Structural, dielectric and magnetic investigations on Al3+ substituted Zn-ferrospinels

A series of ZnAlxFe2-xO4 (0.1 <= x <= 0.5) ferrospinels has been prepared by chemical co-precipitation method to understand the effect of Al3+ substitution on the structural, dielectric and magnetic response of ZnFe2O4 nanoparticles. X-ray diffraction (XRD) and transmission electron microscopy (TEM) images confirmed the nano size formation of particles. The lattice parameter (a), X-ray density (rho(x)) and bulk density (rho(m)) were found to decrease with increasing inclusion of Al3+ ions. AC conductivity (sigma(ac)) measurements as a function of temperature show that the samples behave like semiconductors. Decrease in the hopping conduction between Fe2+ <-> Fe3+ ions at octahedral site is observed with increasing inclusion of Al3+ ions. The Nyquist plots of the prepared materials reveal the inherent phenomenon involved in conduction mechanism of Al3+ substituted ZnFe2O4 ferrites.

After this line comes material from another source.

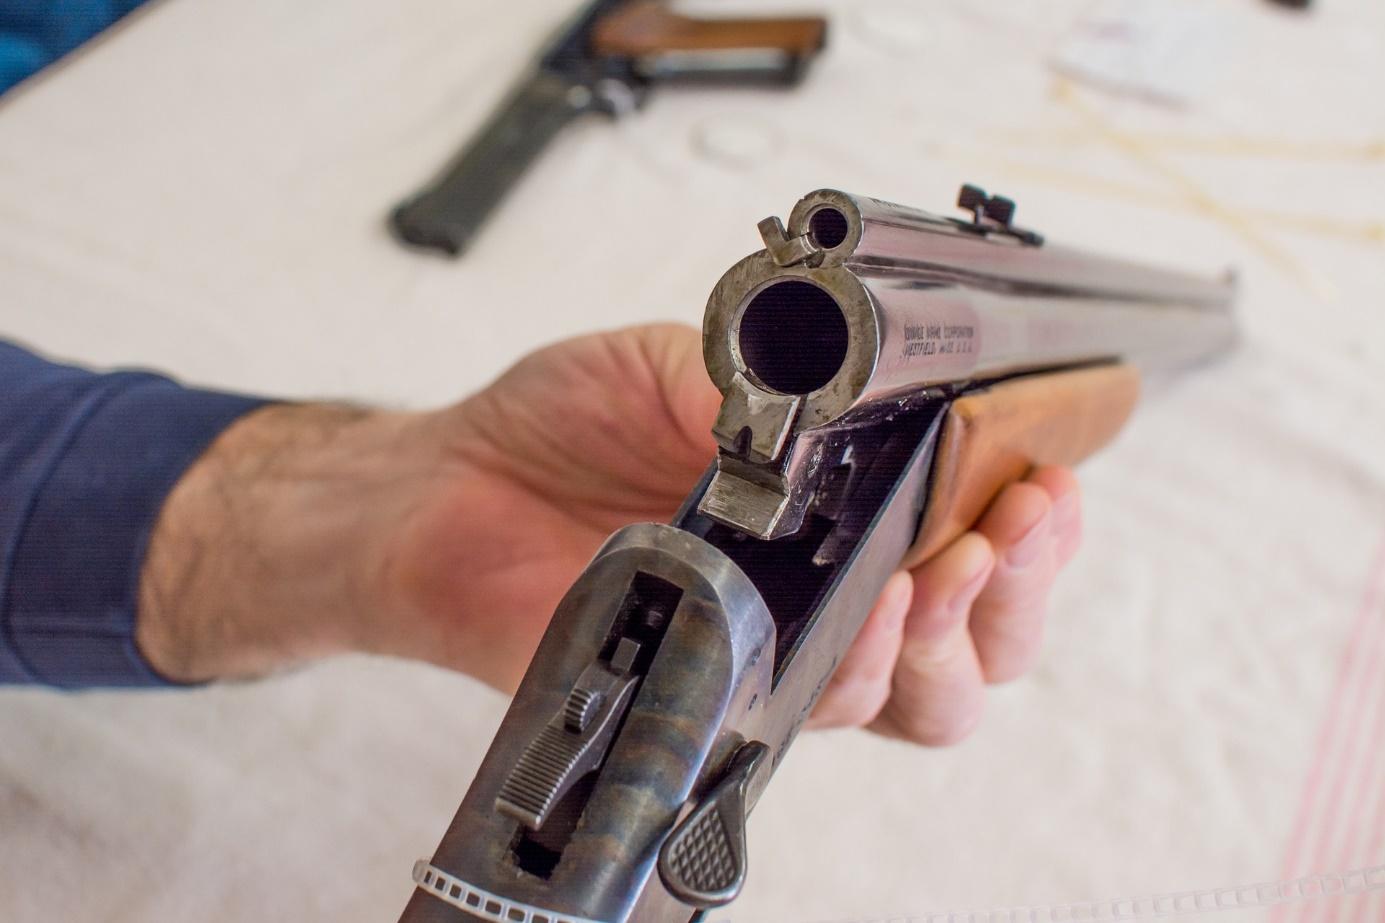 Rozložení zbraně při odborné zkoušce pro zbrojní průkaz

The magnetization studies revealed that magnetic moment (eta B) showed decreasing trend with increase in substitution of Al3+, its value decreases from 0.56 (for x = 0.1) to 0.34 (for x = 0.5). The Ms values decrease from 13.29 emu g(-1) for x = 0.1 to 8.42 emu g(-1) for x = 0.5. D-M (magnetic particle size) was found to be less than the particle size calculated from TEM micrographs due to presence of magnetically dead layer on the surface of particle. Squareness (S) values infer that particles interact by magnetostatic interactions. The M - H loop of all the samples is narrow with low value of coercivity and retentivity; indicates the superparamagnetic nature of prepared nanoparticles.